Prince Reza Pahlavi (; born 31 October 1960) is the oldest son of Mohammad Reza Pahlavi, the last Shah of Iran, and his wife Farah Diba. Before the Islamic Revolution in 1979, he was the crown prince and the last heir apparent to the throne of the Imperial State of Iran. Today, Pahlavi resides in Great Falls, Virginia.

Pahlavi is the founder and leader of the self-styled National Council of Iran, an exiled opposition group, participates in the Iranian democracy movement, and is a prominent critic of Iran's Islamic Republic government.

Early life and education 

Reza Pahlavi was born in Tehran as the eldest son of Mohammad Reza Pahlavi, the Shah of Iran and Farah Pahlavi, the Shahbanu of Iran. Pahlavi's siblings include his sister Princess Farahnaz Pahlavi (born 1963), brother Prince Ali Reza Pahlavi (1966–2011), and sister Princess Leila Pahlavi (1970–2001), as well as a half-sister, Princess Shahnaz Pahlavi (born 1940).

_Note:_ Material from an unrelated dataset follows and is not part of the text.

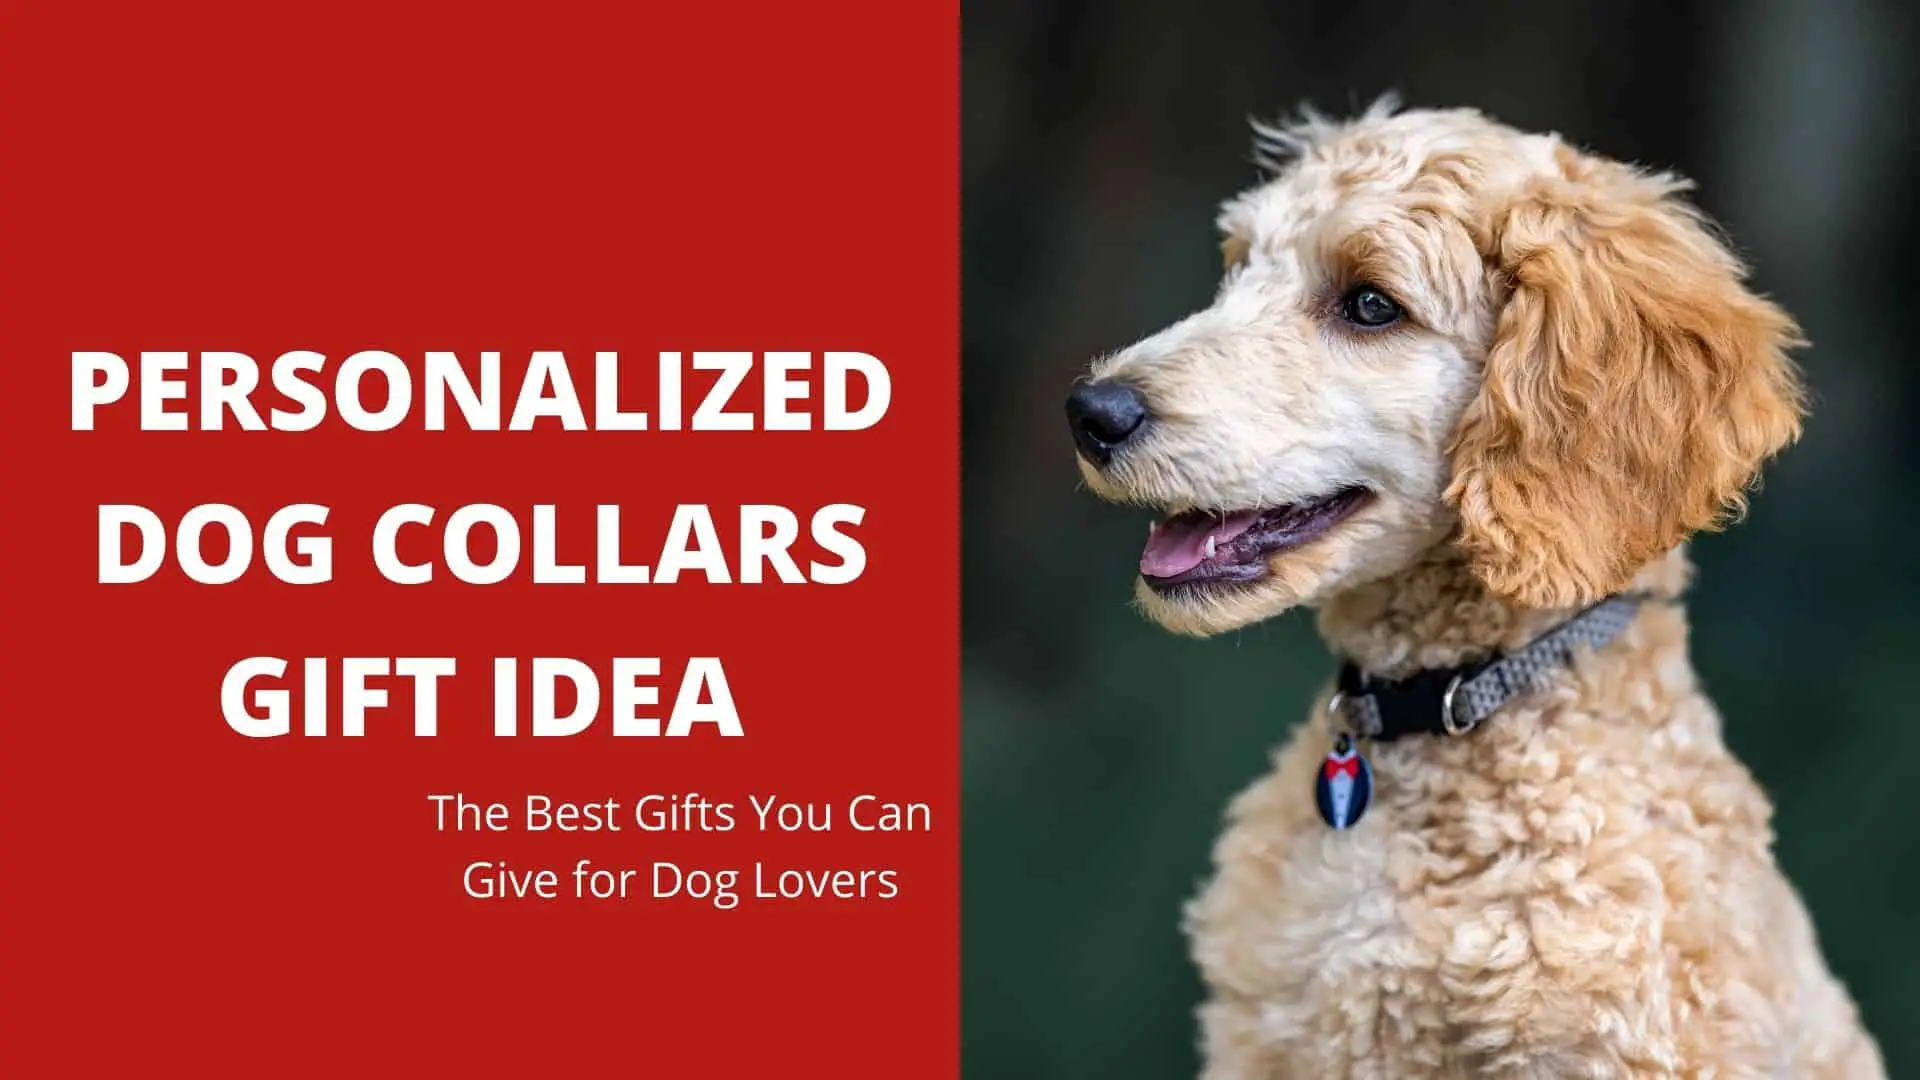 Personalized Dog Collars Gift Idea: The Best Gifts You Can Give for Dog Lovers – 2022

When he was born, the Shah pardoned 98 political prisoners and the government declared a 20% reduction in income tax. He studied at the eponymous "Reza Pahlavi School", a private school located in the royal palace and restricted to the imperial family and court associates. He was trained as a pilot; his first solo flight was at the age of 11, and he obtained his license a year later. He was a supporter of Taj Abadan football club.

As a cadet of the Imperial Iranian Air Force, he was sent to the United States in August 1978 to continue his pilot training, and was one of 43 cadet pilots in the one-year pilot training program at the former Reese Air Force Base, TX, which included flying the Cessna T-37 Tweet and Northrop T-38 Talon. As a result of the Iranian Revolution, he left the base in March 1979, about four months earlier than planned.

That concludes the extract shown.